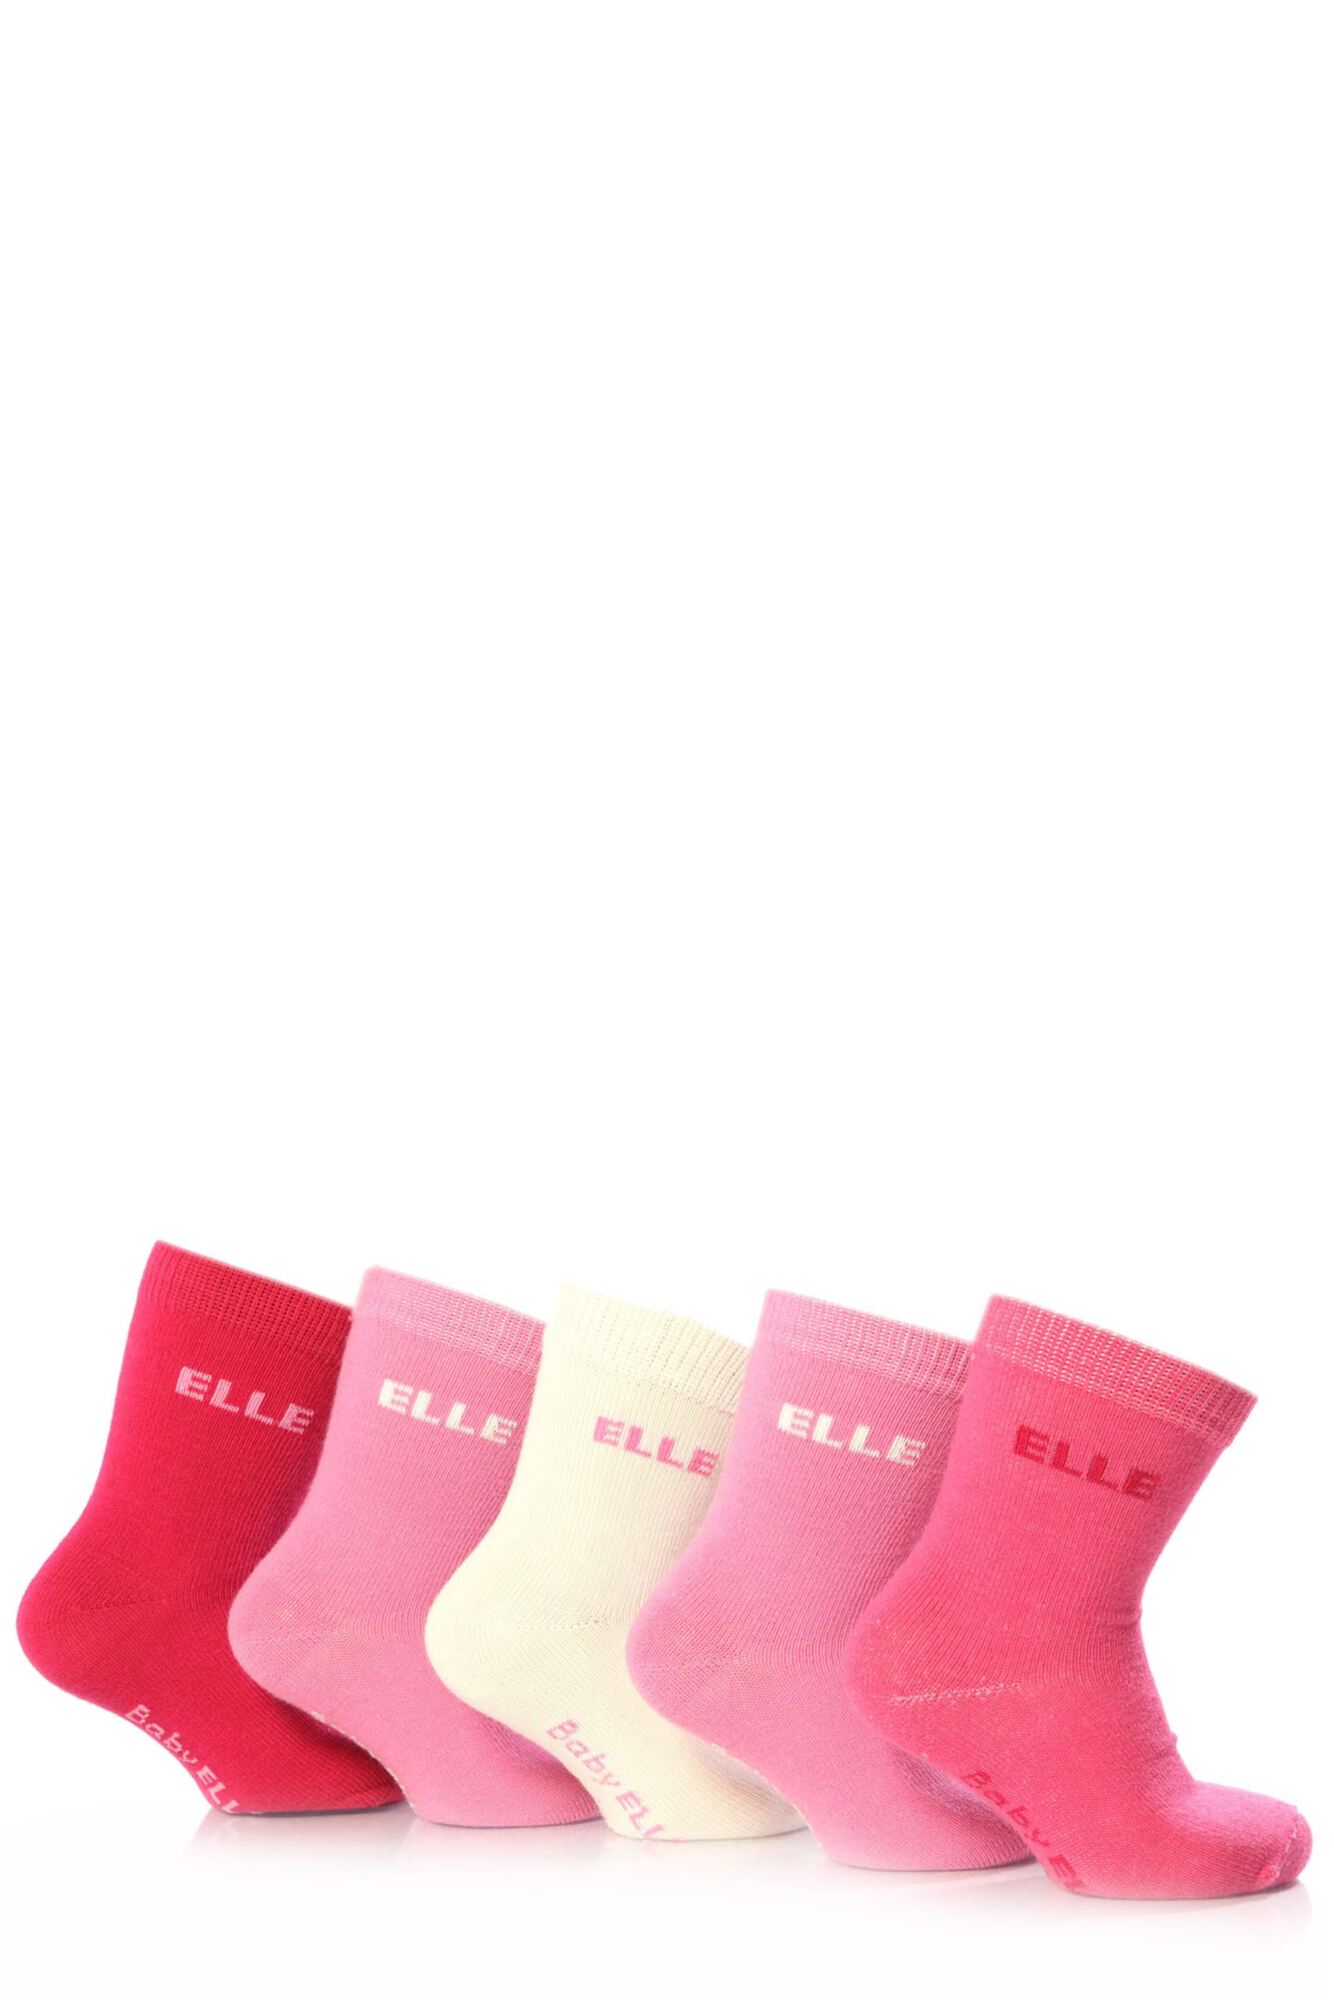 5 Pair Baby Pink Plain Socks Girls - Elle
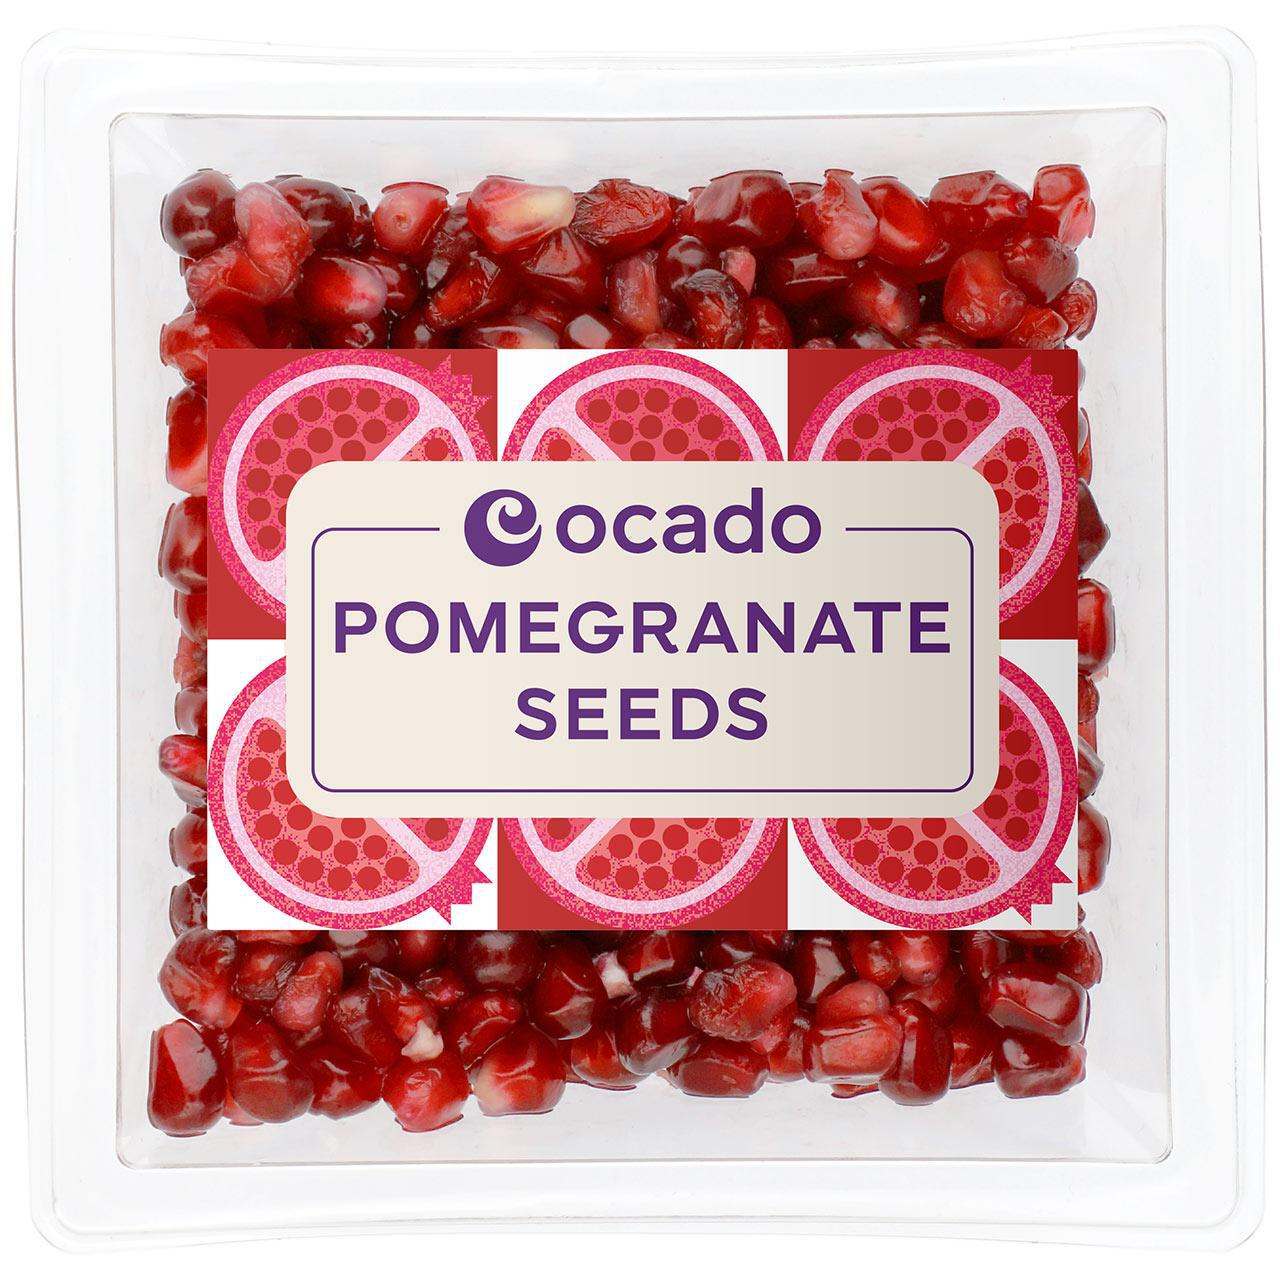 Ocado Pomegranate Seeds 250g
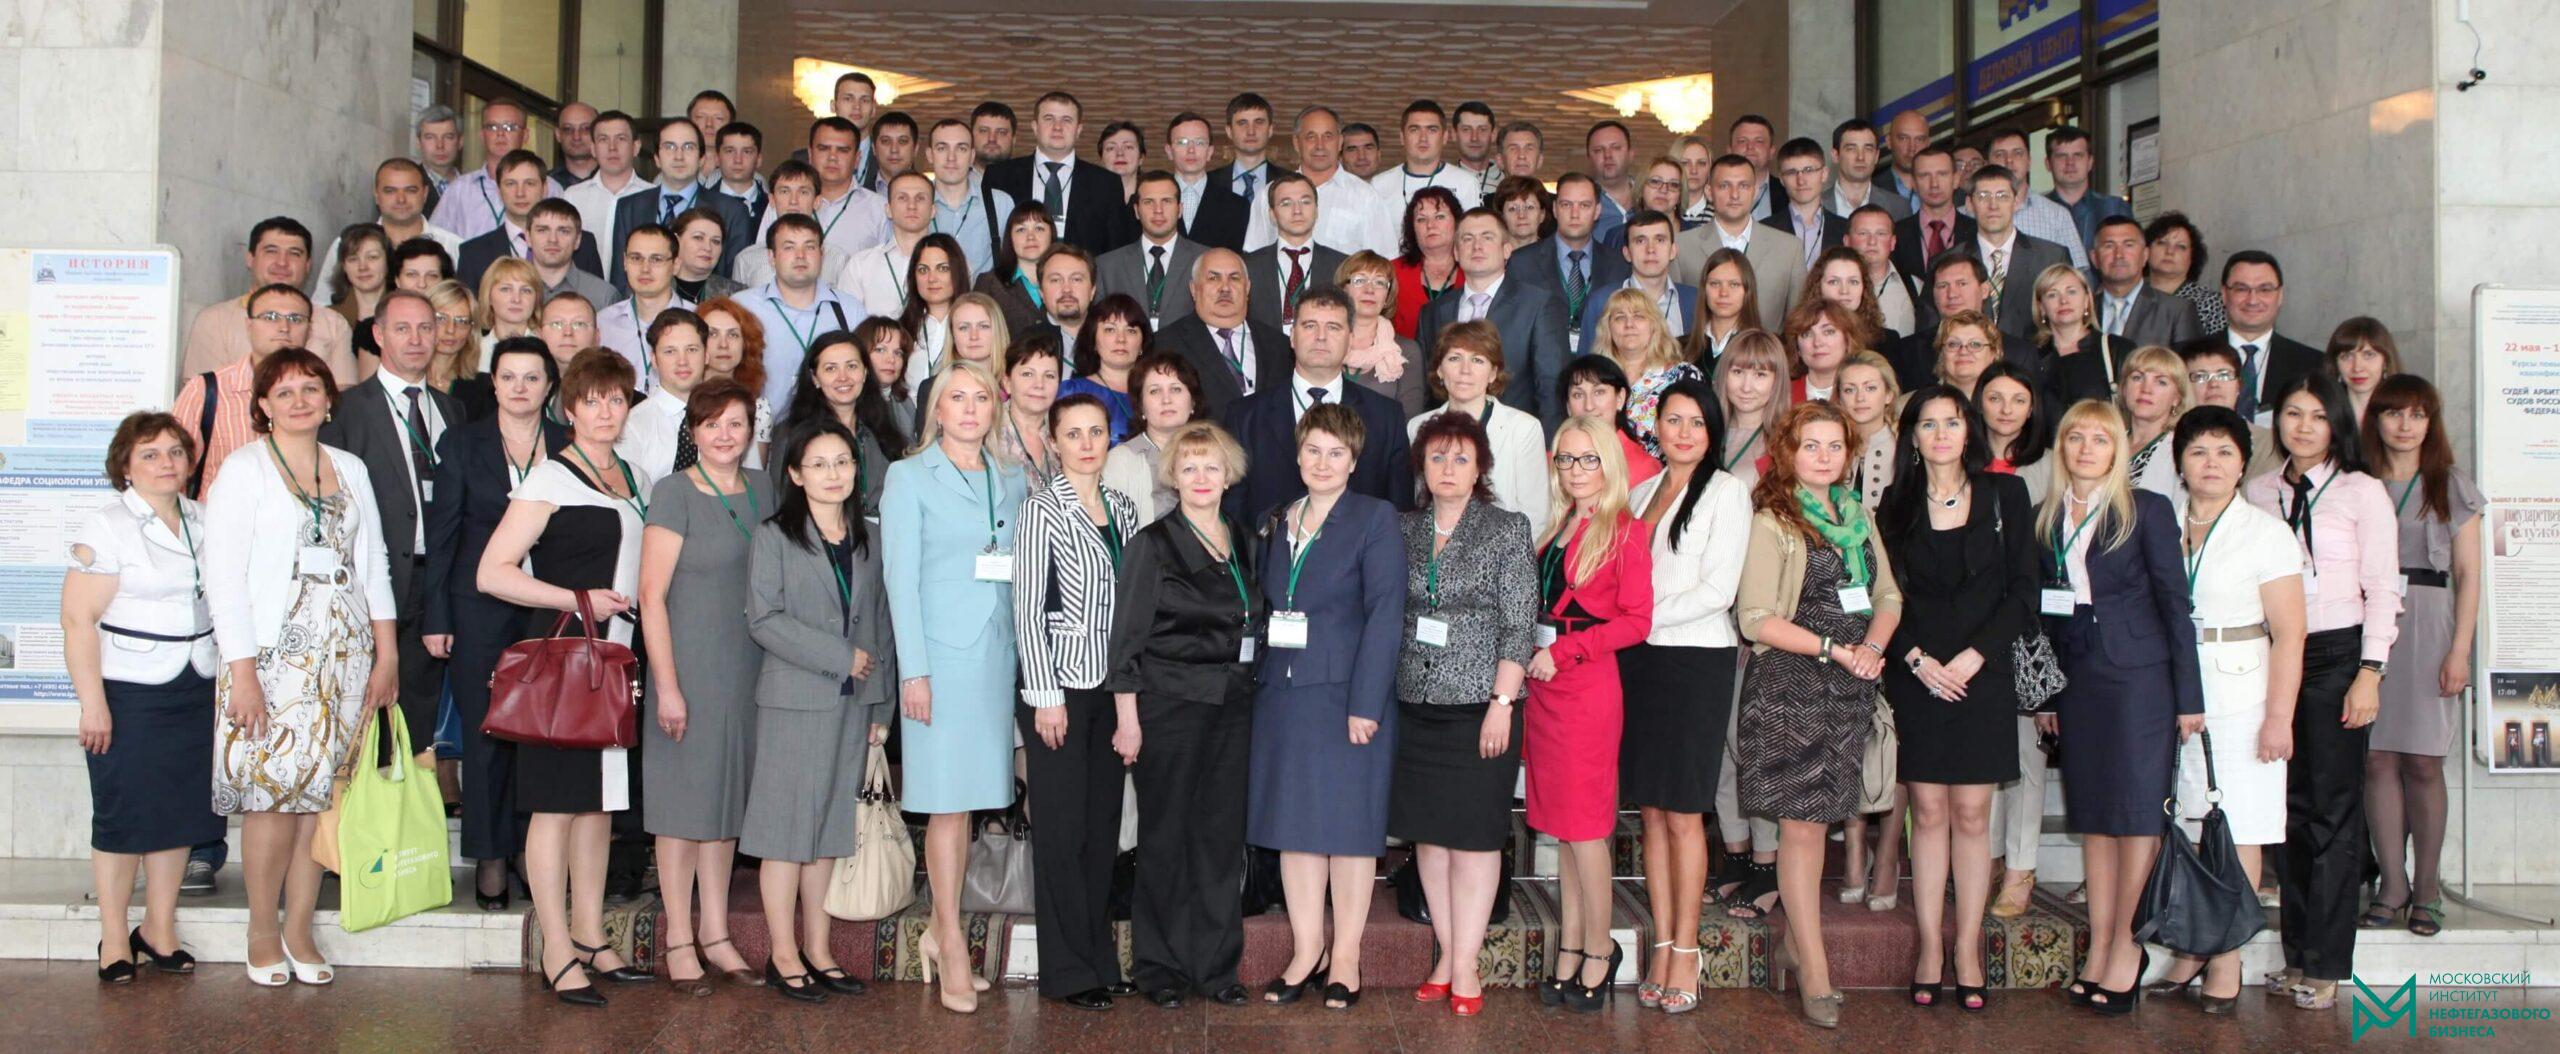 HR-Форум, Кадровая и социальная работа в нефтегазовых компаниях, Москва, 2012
-*-
Task brief: Please make an exact copy of the whole listing and leave out its pictures.

Exercise response:
 5 Pair Baby Pink Plain Socks Girls - Elle
 Ocado Pomegranate Seeds 250g
 HR-Форум, Кадровая и социальная работа в нефтегазовых компаниях, Москва, 2012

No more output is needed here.